Task details: The output should match, line for line, the records from the line containing "Edificio de vidrio" through the line containing "Aviation Throw Pillow", with every picture left out.

Entries shown:
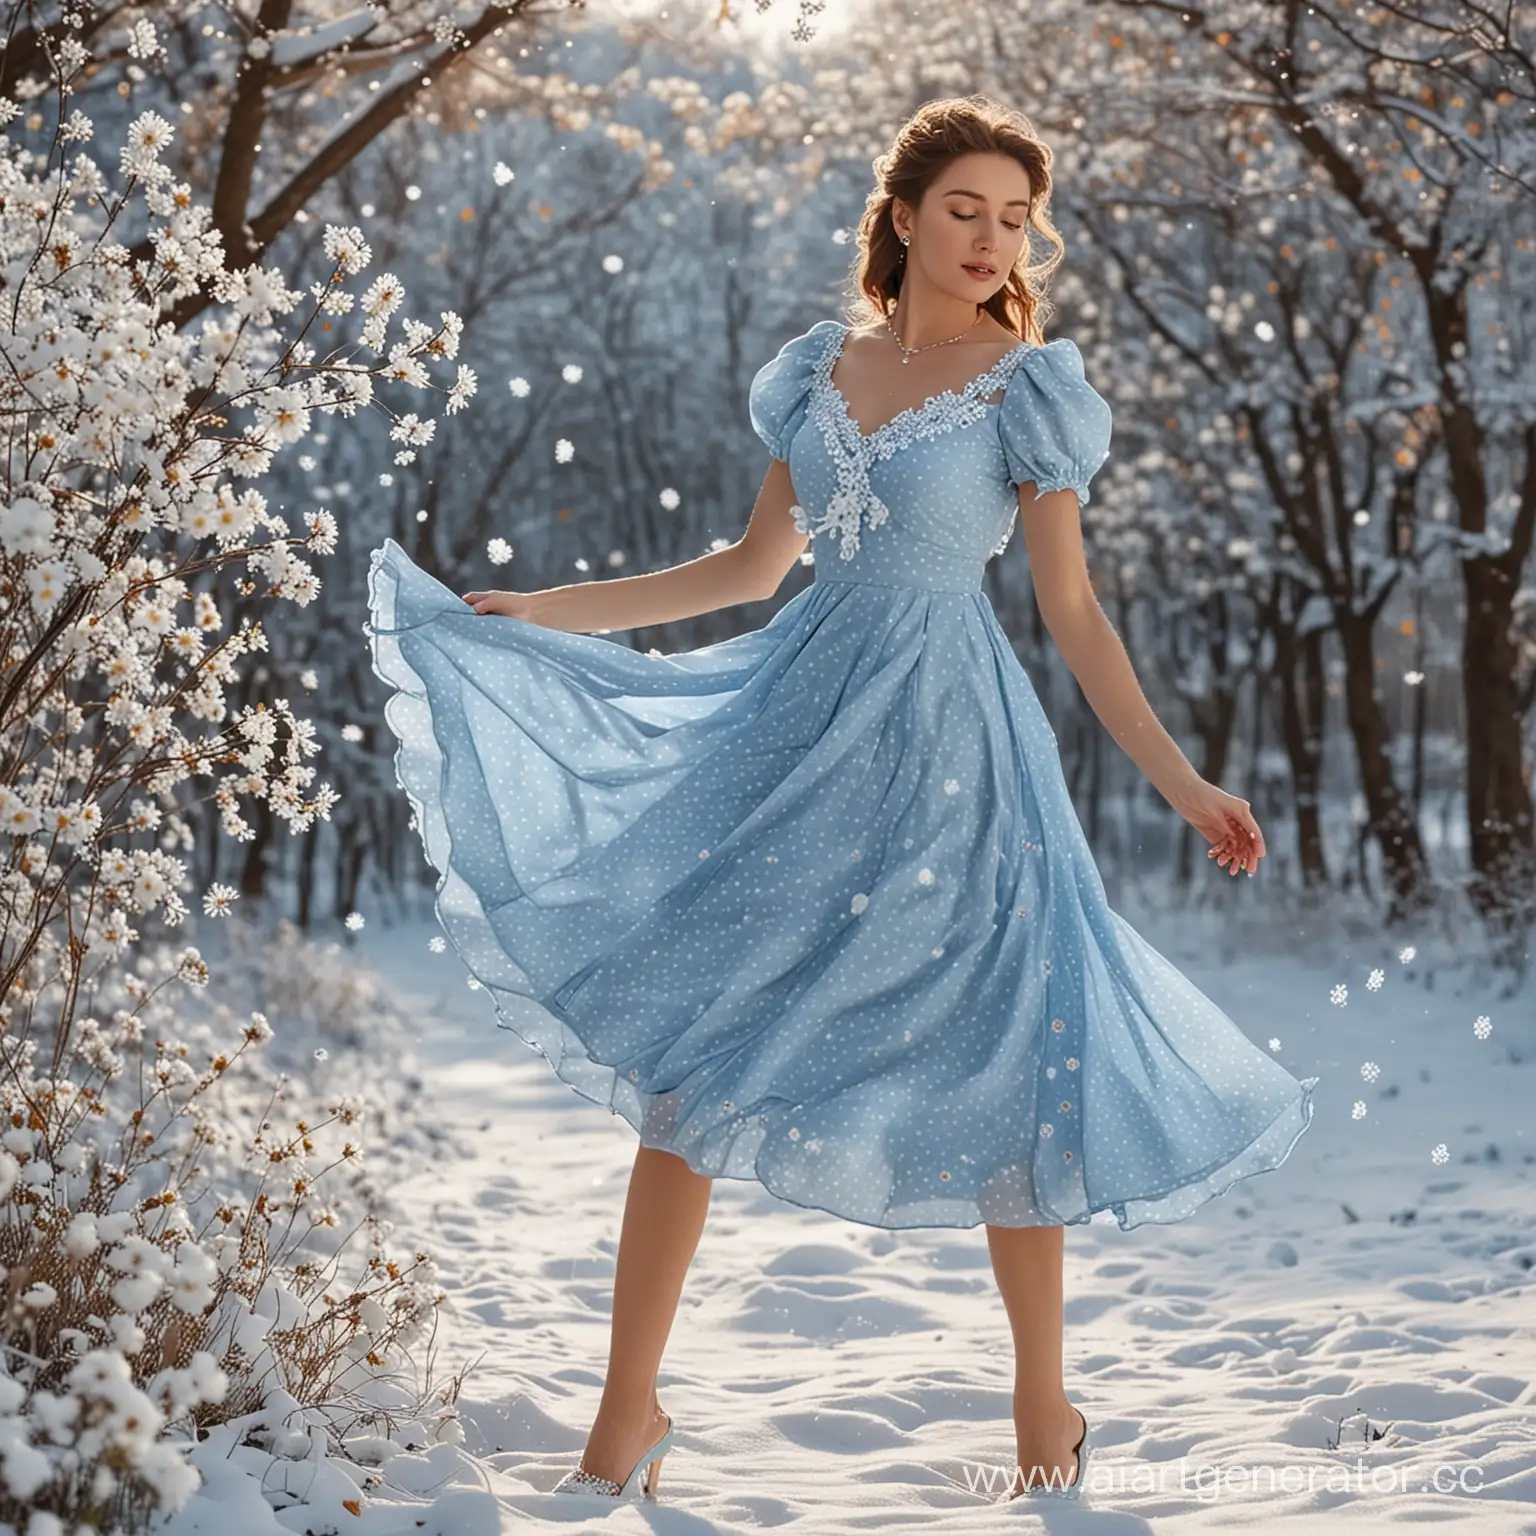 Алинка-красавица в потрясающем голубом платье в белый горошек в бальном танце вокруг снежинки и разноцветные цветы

==

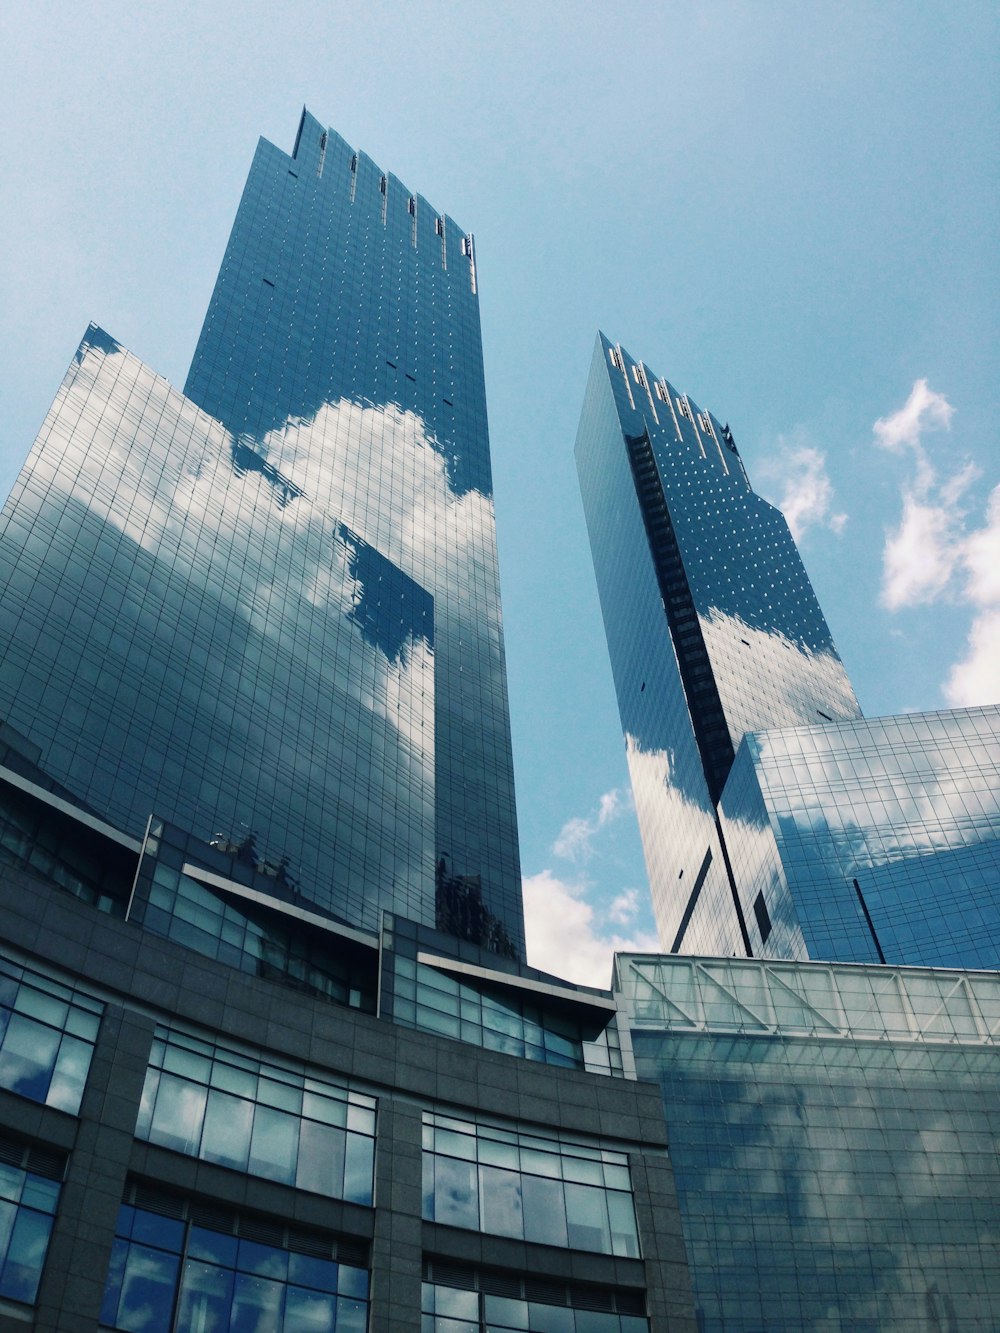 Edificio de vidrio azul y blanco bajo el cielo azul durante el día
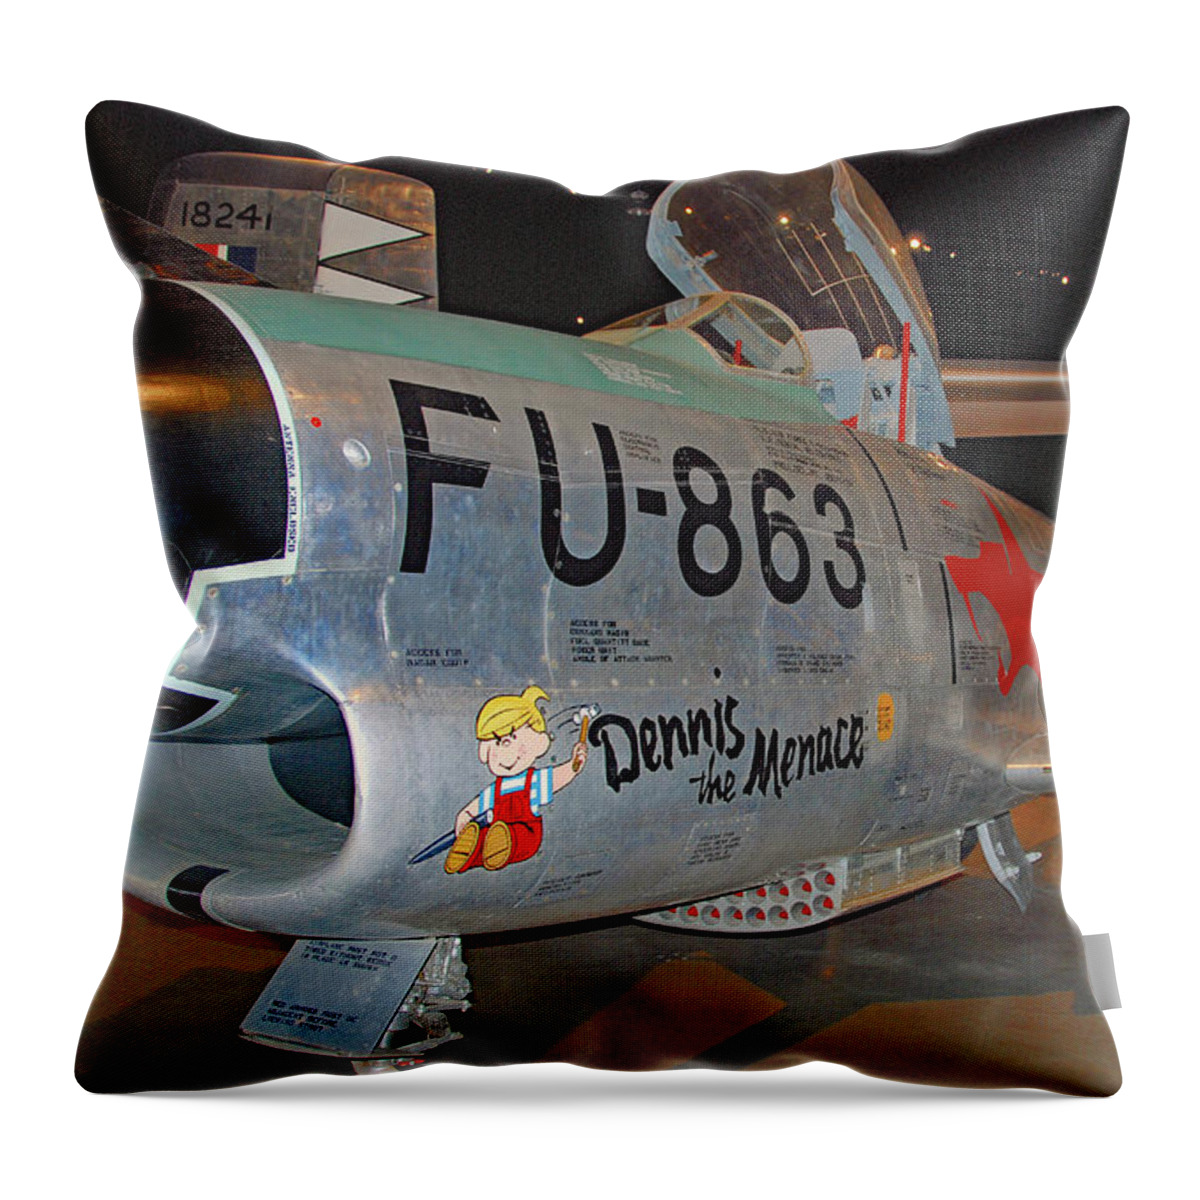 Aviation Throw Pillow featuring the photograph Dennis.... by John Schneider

Response to the task:
 Edificio de vidrio azul y blanco bajo el cielo azul durante el día
 Aviation Throw Pillow featuring the photograph Dennis.... by John Schneider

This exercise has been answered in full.